Configuring Dremio Catalog (External)
To add a Dremio Catalog (external) source:
-
On the Datasets page, to the right of Sources in the left panel, click
.
-
In the Add Data Source dialog, under Lakehouse Catalogs, select Dremio Catalog (external).
The new Dremio Catalog (external) dialog box appears, which contains the following tabs:
-
General: Create a name for your Dremio Catalog (external) source, specify the endpoint URL and your OAuth token endpoint, and provide your Dremio personal access token (PAT).
-
Storage: (Optional) Define how you want to authenticate storage access. Dremio uses credential vending by default, but we provide the ability to override via master storage credentials.
-
Advanced Options: (Optional) Use catalog properties and credentials to set up storage authentication and authorization.
-
Reflection Refresh: (Optional) Set a policy to control how often reflections are refreshed and expired.
-
Metadata: (Optional) Specify dataset handling and metadata refresh.
-
Privileges: (Optional) Add privileges for users or roles.
Refer to the following sections for guidance on how to edit each tab.
-
General
To configure the source connection:
-
For Name, enter a name for the source.
noteThe name you enter must be unique in the organization. Also, consider a name that is easy for users to reference. This name cannot be edited once the source is created. The name cannot exceed 255 characters and must contain only the following characters: 0-9, A-Z, a-z, underscore(_), or hyphen (-)
-
For Dremio Catalog Endpoint URL, specify the Dremio Catalog endpoint URL of the target Dremio Catalog. An example is
http://dremio.example.com:19210/api/v2
. -
For OAuth Token Endpoint, specify the OAuth token endpoint. An example for is
http://dremio.example.com:9047/oauth/token
. -
For PAT token, specify the personal access token created in the target cluster. This PAT is used to authenticate to the cluster.
-
Allow Impersonation is on by default. This setting enables dremio to execute queries as the user that submits them. If user impersonation is not disabled the source credentials will be leveraged to access the catalog.
Storage
To configure the storage access, you need to choose how Dremio will authenticate with the underlying storage.
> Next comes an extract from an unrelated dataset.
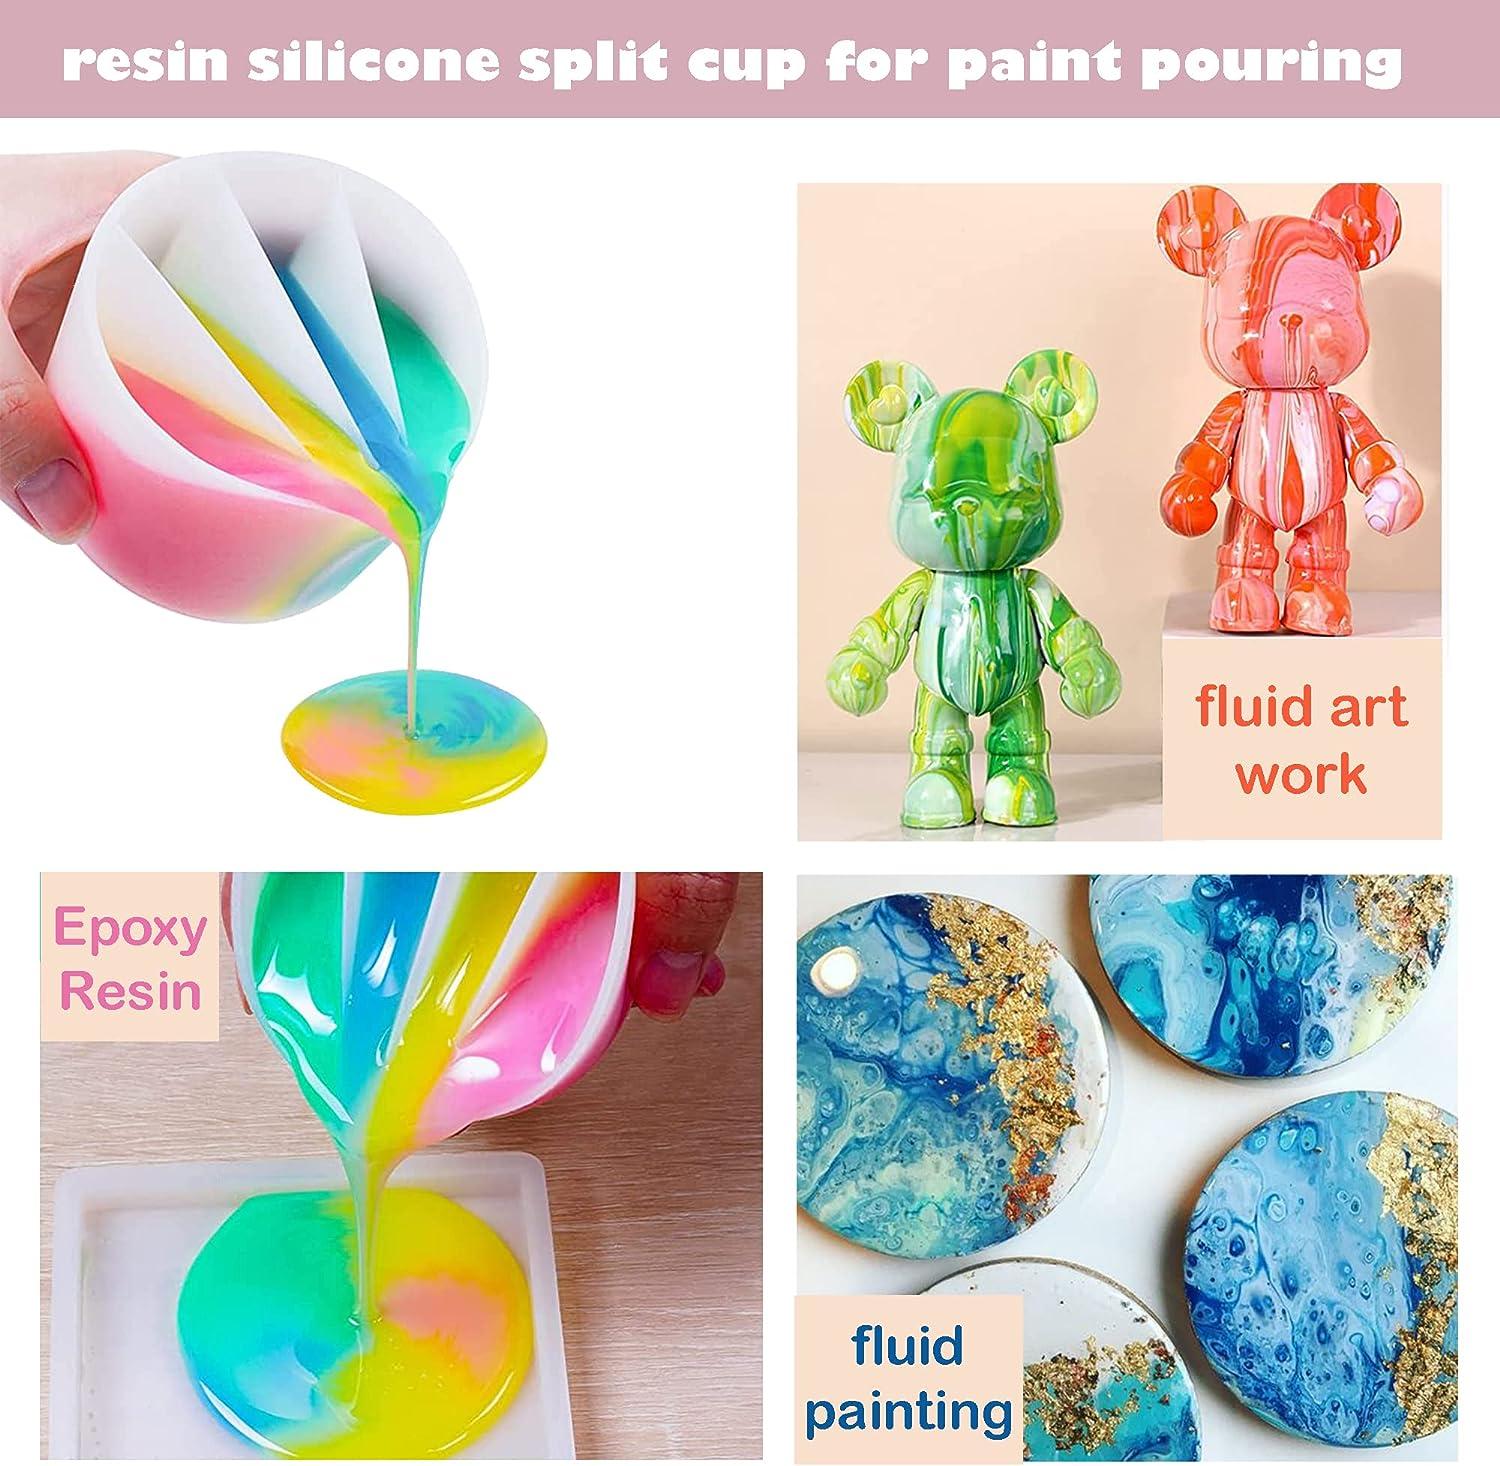 Ycolew Silicone Craft Mat, Silicone Mat for Resin Casting, 17x15Non Stick  Silicone Sheet, Creator Silicone Craft Mat with Cleaning Cup for Painting,  Art, Clay and Play Doh

- Use master storage credentials enables Dremio instances to store storage location and secrets to access the underlying storage locations. If the Iceberg Tables data resides in storage locations other than those listed, Dremio will not be able to access the data.
Advanced Options
To set the advanced options:
-
(Optional) For Enable Asynchronous Access for Parquet Datasets, this option is enabled by default but you can uncheck the box to deactivate. Dremio enables asynchronous access and local caching when possible so that asynchronous requests do not wait for data to return from your storage. Activating this option can enable faster query times.
-
Under Cache Options, review the following table and edit the options to meet your needs.
Cache Options Description Enable local caching when possible Selected by default, along with asynchronous access for cloud caching, local caching can improve query performance. See Cloud Columnar Cache for details. Max percent of total available cache space to use when possible Specifies the disk quota, as a percentage, that a source can use on any single executor node only when local caching is enabled. The default is 100 percent of the total disk space available on the mount point provided for caching. You can either manually enter in a percentage in the value field or use the arrows to the far right to adjust the percentage.
Reflection Refresh
You can set the policy that controls how often reflections are scheduled to be refreshed automatically, as well as the time limit after which reflections expire and are removed. See the following options.
Option | Description |
---|---|
Never refresh | Select to prevent automatic reflection refresh, default is to automatically refresh. |
Refresh every | How often to refresh reflections, specified in hours, days or weeks. This option is ignored if Never refresh is selected. |
Set refresh schedule | Specify the daily or weekly schedule. |
Never expire | Select to prevent reflections from expiring, default is to automatically expire after the time limit below. |
Expire after | The time limit after which reflections expire and are removed from Dremio, specified in hours, days or weeks. This option is ignored if Never expire is selected. |
Metadata
Specifying metadata options is handled with the following settings.
Dataset Handling
- Remove dataset definitions if underlying data is unavailable (Default).
- If this box is not checked and the underlying files under a folder are removed or the folder/source is not accessible, Dremio does not remove the dataset definitions. This option is useful in cases when files are temporarily deleted and put back in place with new sets of files.
Metadata Refresh
These are the optional Metadata Refresh parameters:
-
Dataset Discovery: The refresh interval for fetching top-level source object names such as databases and tables. Set the time interval using this parameter.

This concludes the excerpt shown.